Dual-Modal Optical-based In-Vivo Imaging Using Rare-Earth Doped Nanoprobes
Mesenchymal stem cells (MSCs) were found to be effective in repairing the damaged brain of animals with ischemic brain injury. However, the behavior, distribution and fate of these cells after implantation which gives very important information on cell dynamics and interactions with the host central nervous system is still unknown. Minimally-invasive functional imaging techniques have driven much advancement in medical sciences. One of the challenges in minimally-invasive functional imaging is to achieve both high resolution and SNR. Multi-modal imaging is emerging as a strategy to overcome this challenge by combining two or more imaging modalities. In this project, we seek to combine shortwave infrared (SWIR) and photoacoustic (PA) imaging into one versatile minimally-invasive molecular imaging platform utilizing polymer coated Rare Earth Doped Nanoparticles (REDNs), as imaging probes. Not only do the REDNs enhance SNR and improve resolution, but the REDNs also provide an added analytic ability at the cellular level using the functional relationships between the probes and biological systems.
Preventing Chemotherapy-Induced Peripheral Neuropathy
Chemotherapy-induced peripheral neuropathy (CIPN) is a major dose limiting side effect of several commonly used chemotherapeutic agents, often leading to treatment discontinuation. Up to 20% of patients treated with weekly paclitaxel experience severe CIPN and it is noteworthy that no effective treatment has been established so far. In this study, we assess the effect of hypothermia in preventing CIPN in healthy subjects and then, cancer subjects undergoing adjuvant paclitaxel chemotherapy. This study may contribute to alleviating dose-limitation due to CIPN and increase the likelihood of success of chemotherapy.

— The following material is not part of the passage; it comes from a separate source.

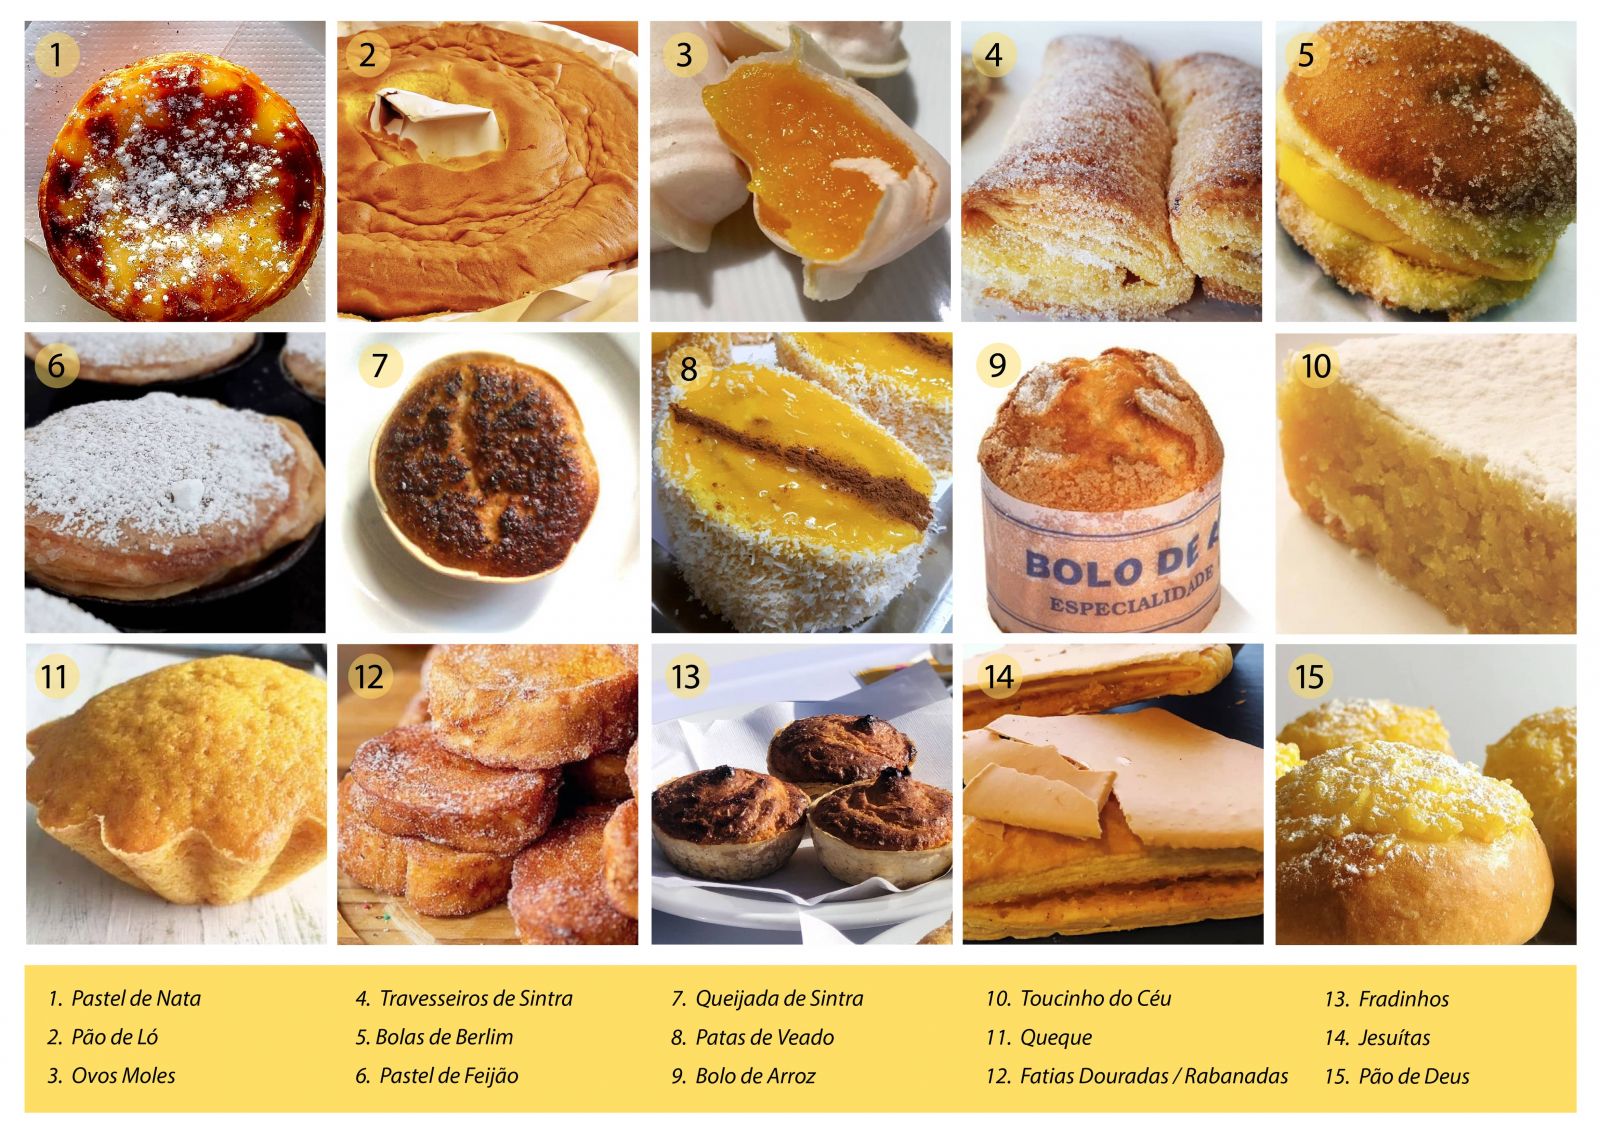 | Delight your taste buds in historic Portuguese Pastries

Investigation of Cortical Neurovascular Functions and Therapy for Hyperacute Ischemia
This study focuses on investigating the cerebral neurovascular function changes affected by hyperacute ischemic stroke, as well as the progressive changes of the affected cortical regions (i.e., ischemic core and penumbra). Using the developed novel combination of electrocorticography (ECoG) recordings and functional photoacoustic microscopy (fPAM) imaging (i.e., ECoG-fPAM) we investigate cortical functions after photothrombotic ischemia (PTI) in a rat ischemia model. The cortical functions are assessed over a chosen ischemic region via somatosensory-evoked potential (SSEP), resting-state ECoG signals (i.e., alpha-to-delta (ADR) ratio) and evoked hemodynamic responses (i.e., cerebral blood volume (CBV) and hemoglobin oxygen saturation (SO2)). Histological assessment method (2, 3, 5-triphenyl-tetrazolium chloride (TTC) staining) is also used to assess the infarct volume induced by ischemia. In addition, the neuroprotective effect of sensory stimulation as a non-invasive therapeutic intervention for hyperacute ischemia is evaluated in the affected animals.